::: Available data :::
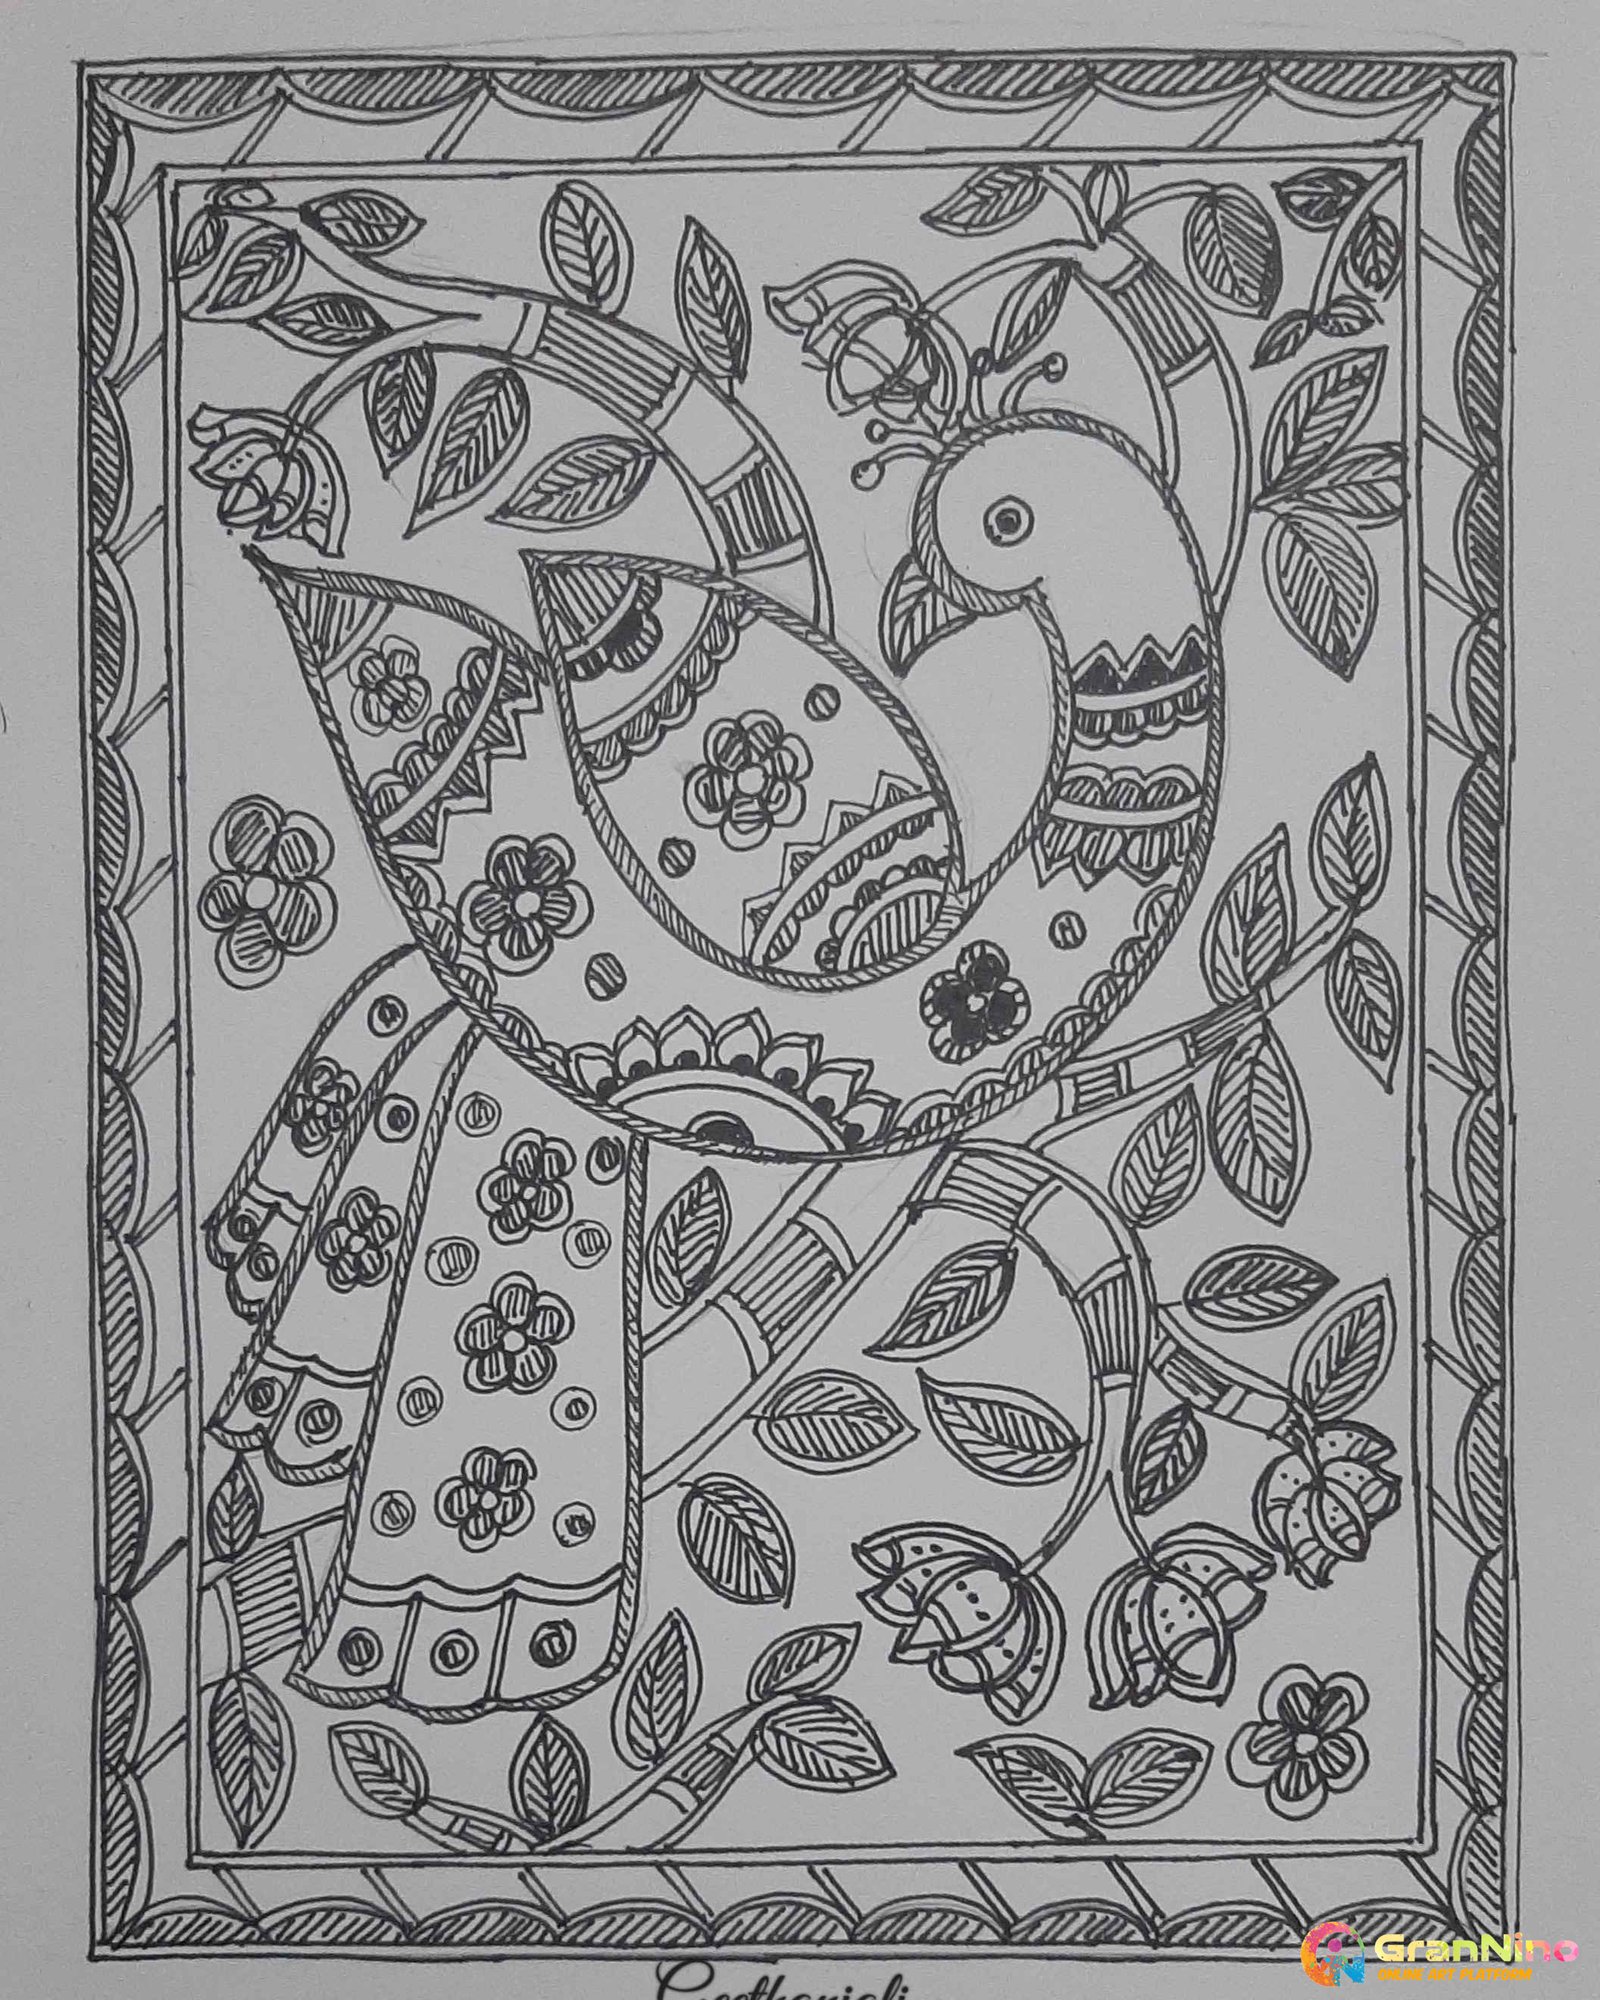 bepositive | Mandala design art, Doodle art designs, Madhubani paintings  peacock
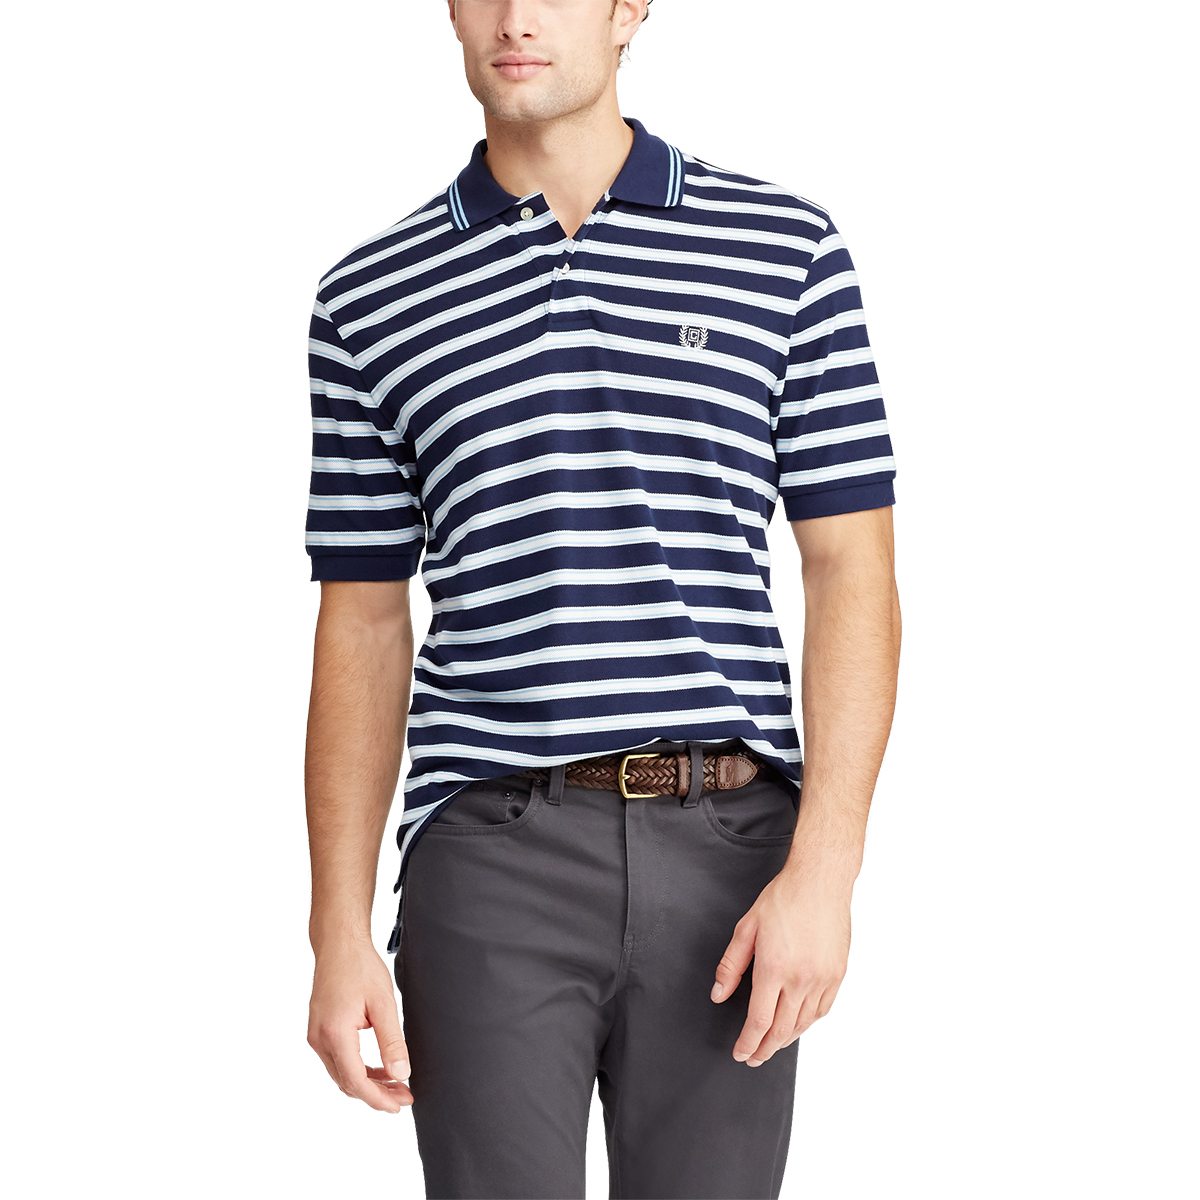 Chaps Men's Classic Fit Striped Cotton Polo - Blue, M
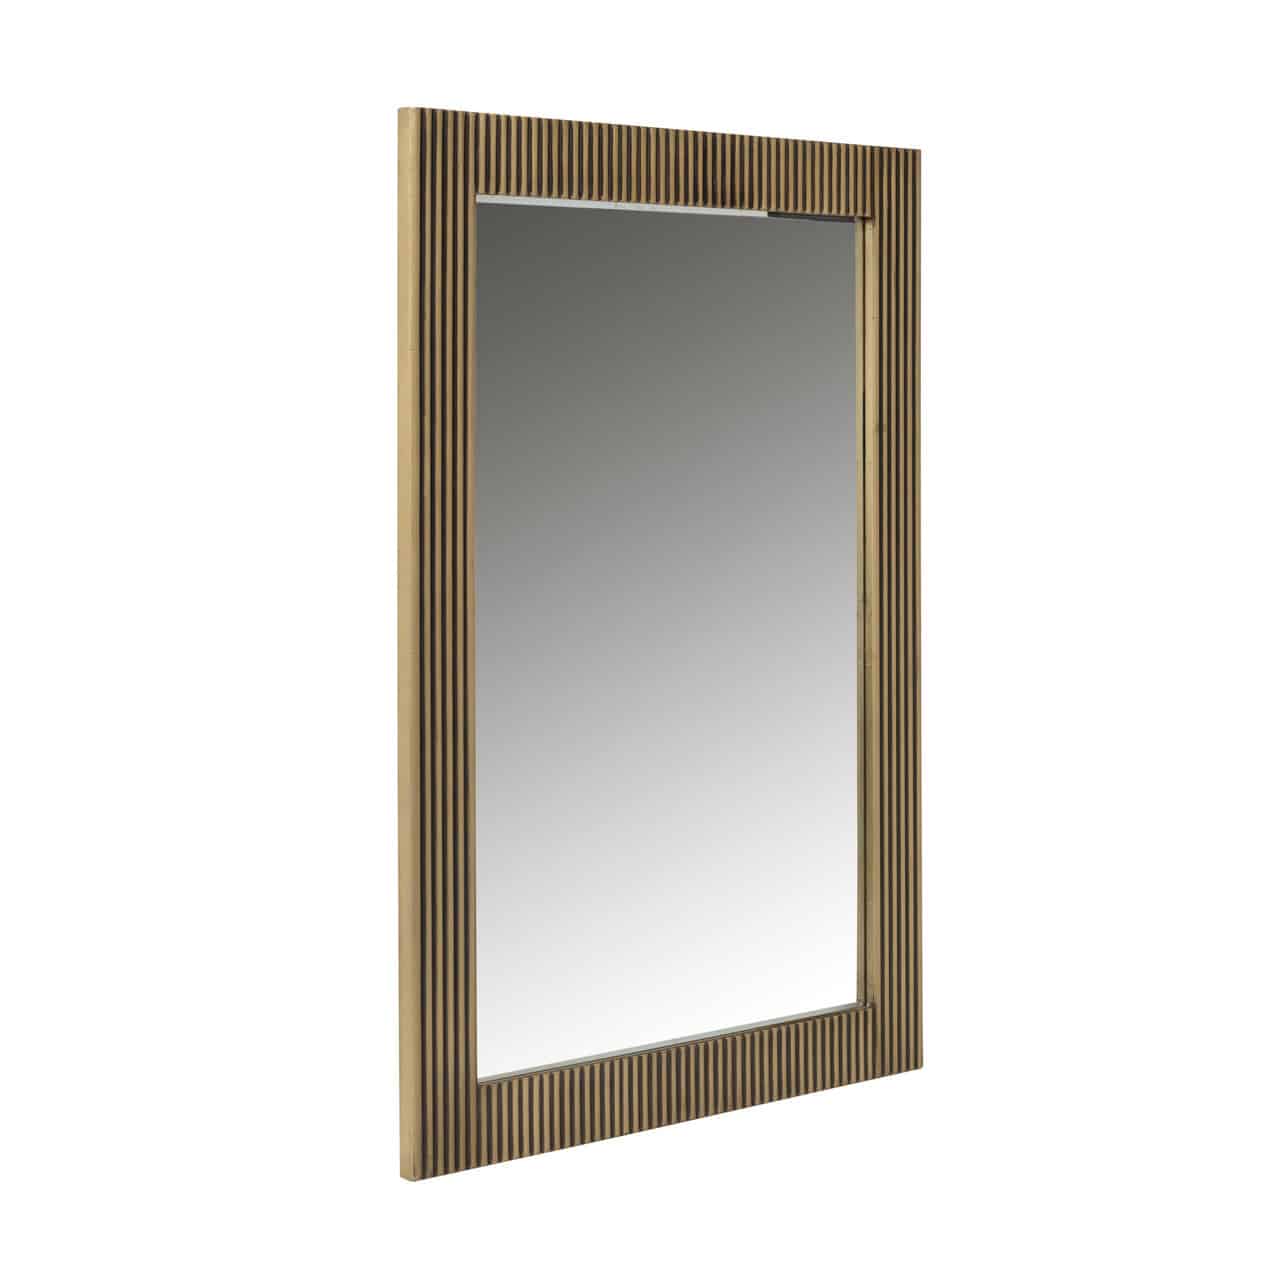 Mirror Ironville rectangularmi-0073richmond
:::
Transcribe the data exactly, minus any images.

Expected answer:
 bepositive | Mandala design art, Doodle art designs, Madhubani paintings  peacock
 Chaps Men's Classic Fit Striped Cotton Polo - Blue, M
 Mirror Ironville rectangularmi-0073richmond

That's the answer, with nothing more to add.